Hidden-symmetry-protected Z_2 topological insulator in a cubic lattice

TL;DR

This paper introduces a new class of $Z_2$ topological insulators in cubic lattices protected by a novel hidden symmetry, independent of time reversal symmetry, with unique surface states and potential realization in ultracold atom systems.

Contribution

It proposes a new type of $Z_2$ topological insulator protected by a hidden symmetry involving complex operations, expanding the understanding of topological phases beyond time reversal symmetry.

Findings

Surface states exhibit odd number of Dirac cones with pseudospin-momentum locking.

Breaking the hidden symmetry opens a gap in surface states, confirming their topological protection.
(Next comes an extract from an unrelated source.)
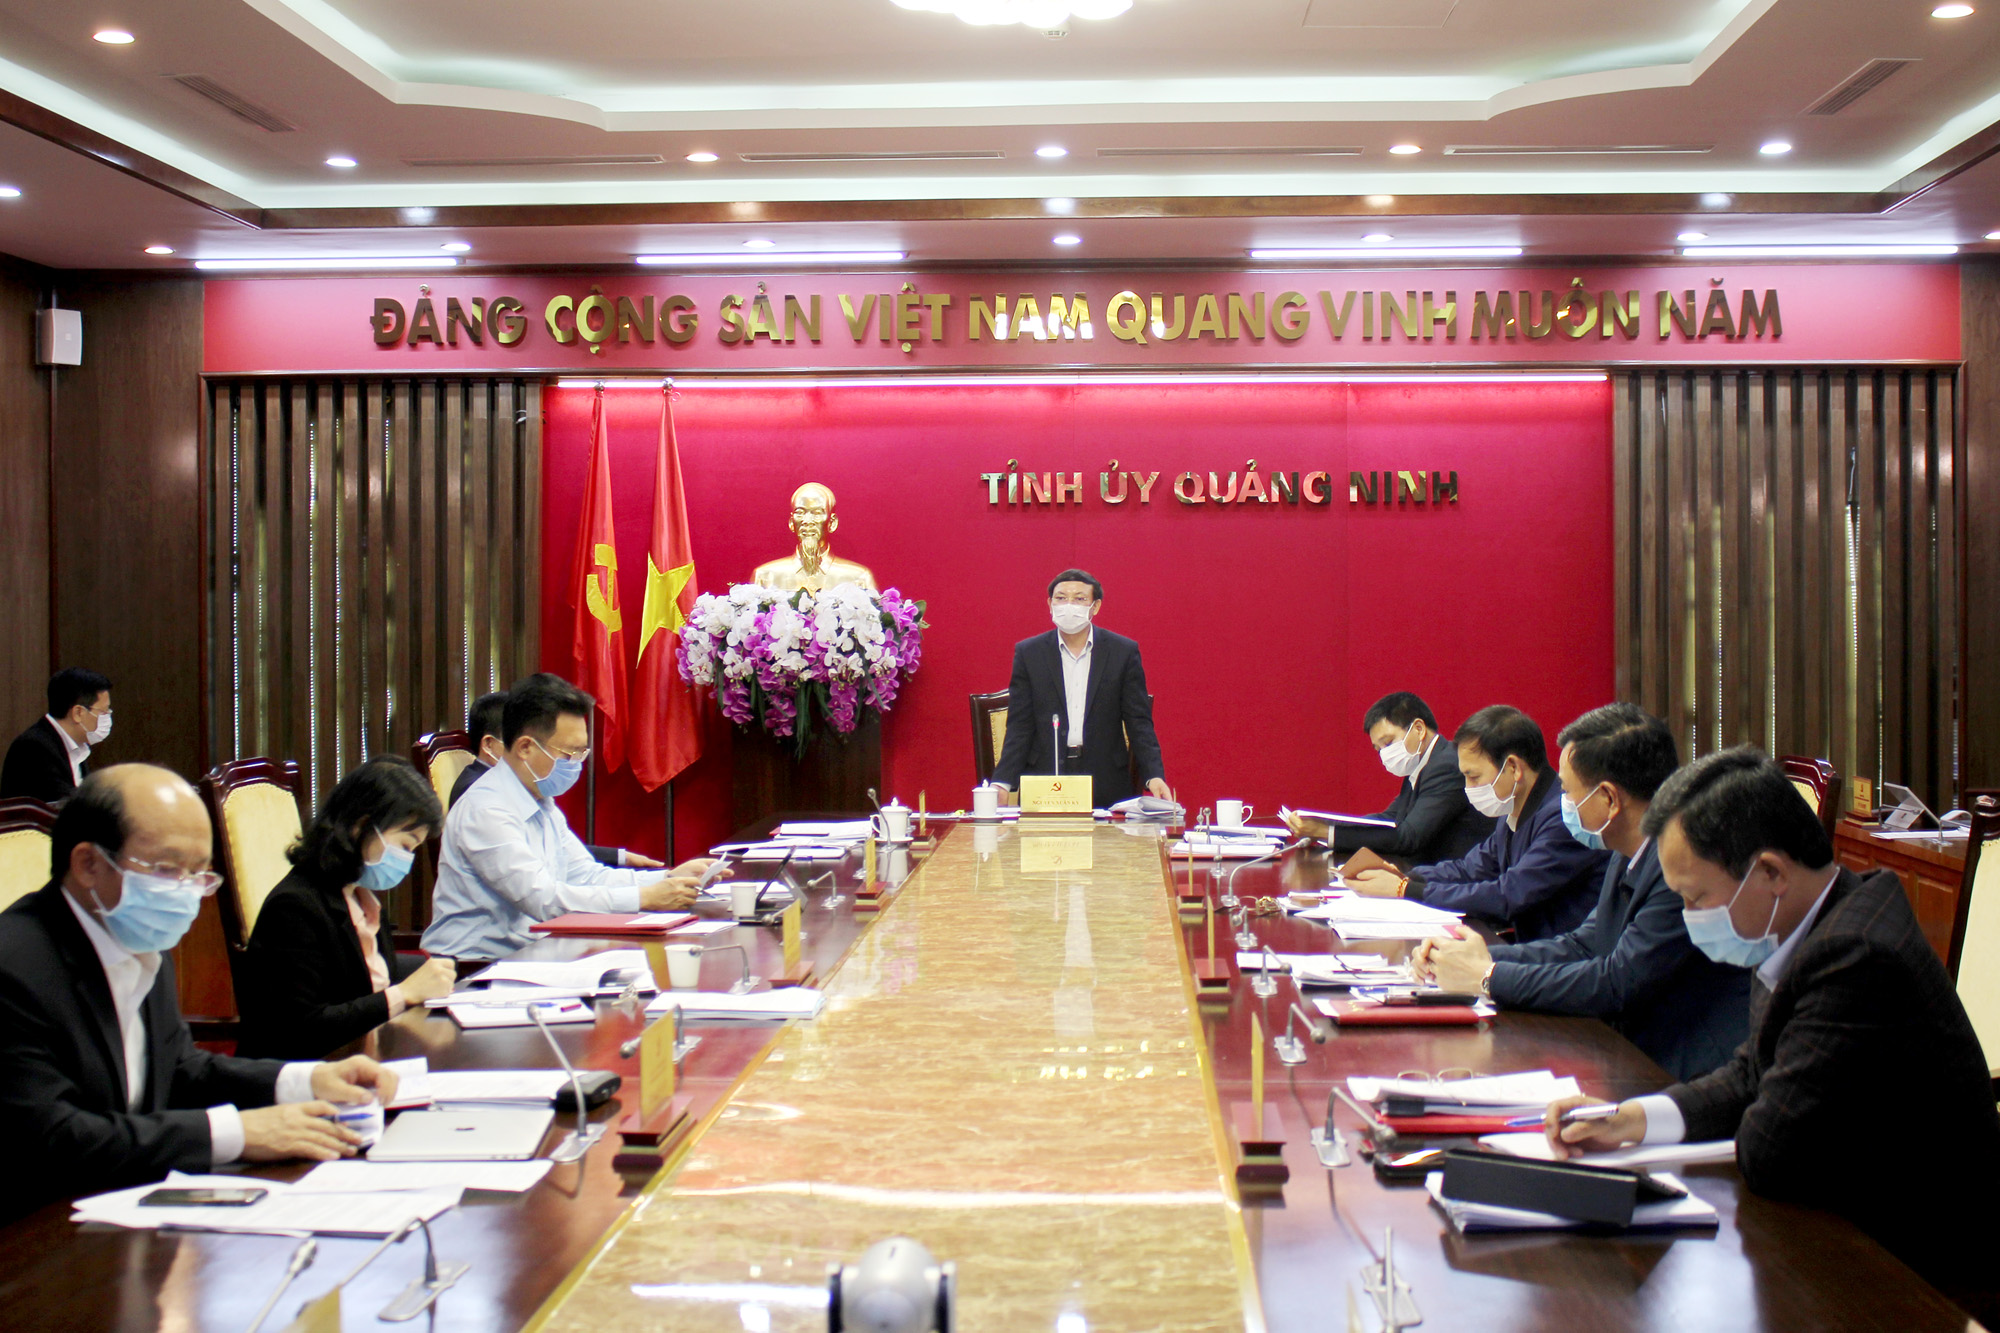 Đồng chí Nguyễn Xuân Ký, Bí thư Tỉnh ủy, Chủ tịch HĐND tỉnh, Trưởng BCĐ cấp tỉnh, kết luận cuộc họp.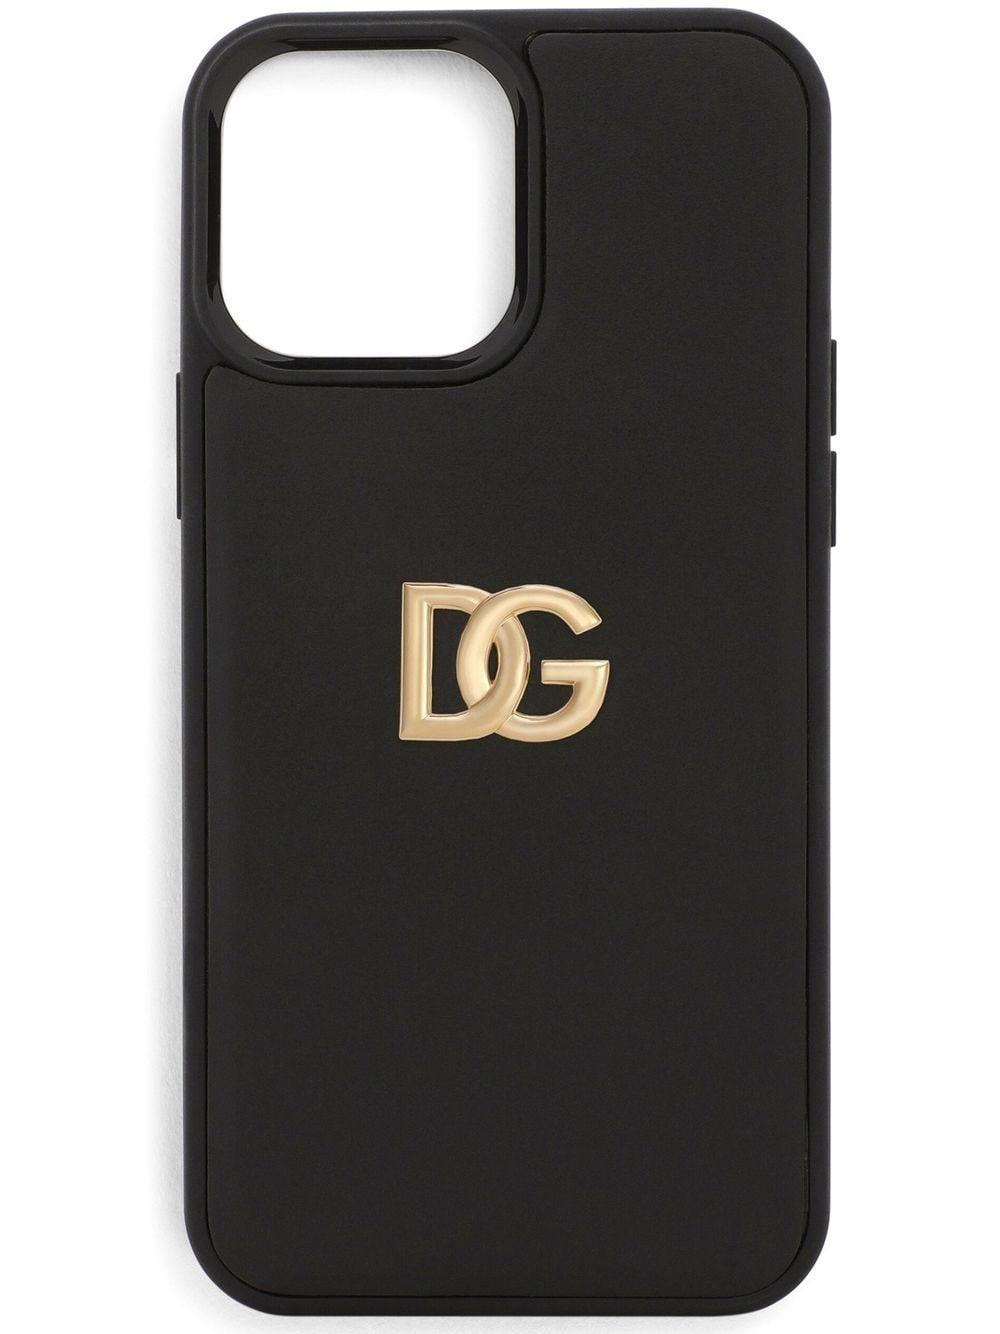 bizon chaos Wardianzaak Dolce & Gabbana Dg Iphone 13 Pro Max Case in Black | Lyst

Theoretical framework for hidden-symmetry polarization and $Z_2$ invariant is established.

Abstract

Usually $Z_2$ topological insulators are protected by time reversal symmetry. Here, we present a new type of $Z_2$ topological insulators in a cubic lattice which is protected by a novel hidden symmetry, while time reversal symmetry is broken. The hidden symmetry has a composite antiunitary operator consisting of fractional translation, complex conjugation, sublattice exchange, and local gauge transformation. Based on the hidden symmetry, we define the hidden-symmetry polarization and $Z_2$ topological invariant to characterize the topological insulators. The surface states have band structures with odd number of Dirac cones, where pseudospin-momentum locking occurs. When the hidden-symmetry-breaking perturbations are added on the boundaries, a gap opens in the surface band structure, which confirms that the topological insulator and the surface states are protected by the hidden symmetry. We aslo discuss the realization and detection of this new kind of $Z_2$ topological insulator in optical lattices with ultracold atom techniques.